Research consistently highlights the importance of equipping future clinicians with competencies that enable safe and effective engagement with AI technologies. These competencies, outlined in Figure 1, include foundational technical knowledge, ethical awareness, critical evaluation skills, and applied clinical judgment [7]. However, while numerous publications have discussed AI applications in health care and emerging educational initiatives, few have provided a structured, UK-specific synthesis that integrates international models, regulatory considerations, and competency-based curriculum reform into a unified framework. Existing literature often examines individual teaching interventions or isolated institutional initiatives without systematically analyzing their transferability to centrally regulated systems such as the United Kingdom.

This viewpoint paper addresses that gap by synthesizing current evidence and proposing a structured, context-sensitive framework tailored to the UK medical education system. By evaluating existing educational models, regulatory requirements, and learner perspectives, this viewpoint paper aimed to present a practical road map for developing an AI-literate medical workforce capable of navigating future technological advancements in health care.

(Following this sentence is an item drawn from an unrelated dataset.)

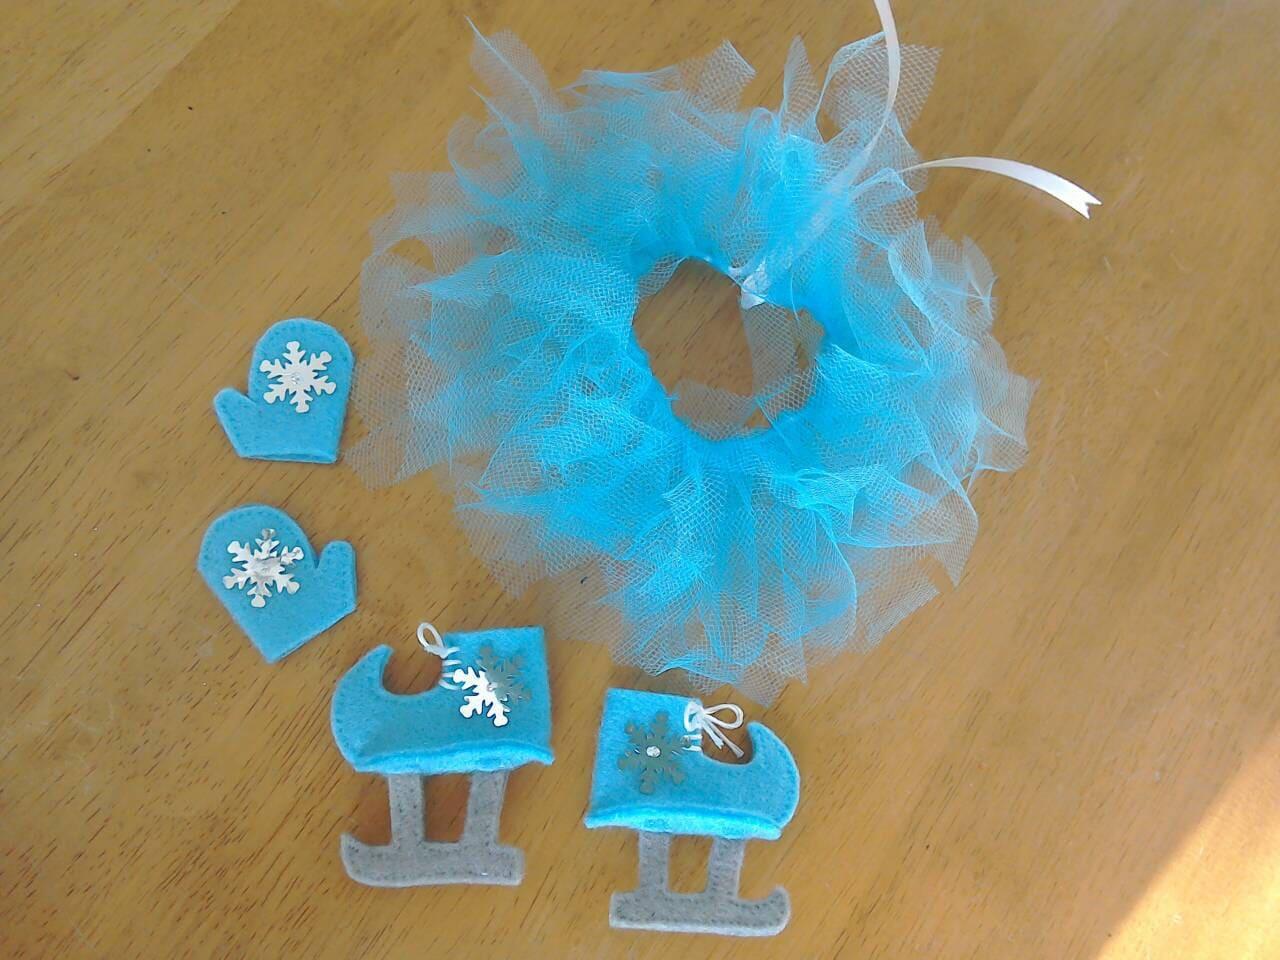 Felt elf ice figure skating set in blue

The review performed in this viewpoint paper was conducted as a structured narrative synthesis aimed at identifying existing approaches to AI integration in undergraduate medical education and evaluating their relevance to the UK context. A defined literature selection process with explicit inclusion and exclusion criteria was applied to enhance methodological transparency and rigor.

Literature searches were conducted across multiple major databases, including PubMed and MEDLINE, Embase, the Cochrane Library, and Scopus. Searches were limited to full-text articles published in English between 2015 and 2025 to reflect contemporary developments in AI technologies. A combination of keywords and Boolean operators was used, including “artificial intelligence,” “AI,” “machine learning,” “deep learning,” “medical education,” “curriculum,” “competency,” and “medical students.” The reference lists of recent review articles were manually screened to identify additional relevant studies.

Studies were included if they (1) examined AI applications within undergraduate or postgraduate medical education; (2) described curricular design, teaching methodology, competency development, or student attitudes; or (3) reported empirical findings, implementation strategies, or institutional case examples. Studies were excluded if they were (1) conference abstracts or proceedings, (2) editorials, (3) case reports unrelated to educational structure, or (4) unpublished. This approach prioritized peer-reviewed evidence describing implemented or evaluated educational initiatives.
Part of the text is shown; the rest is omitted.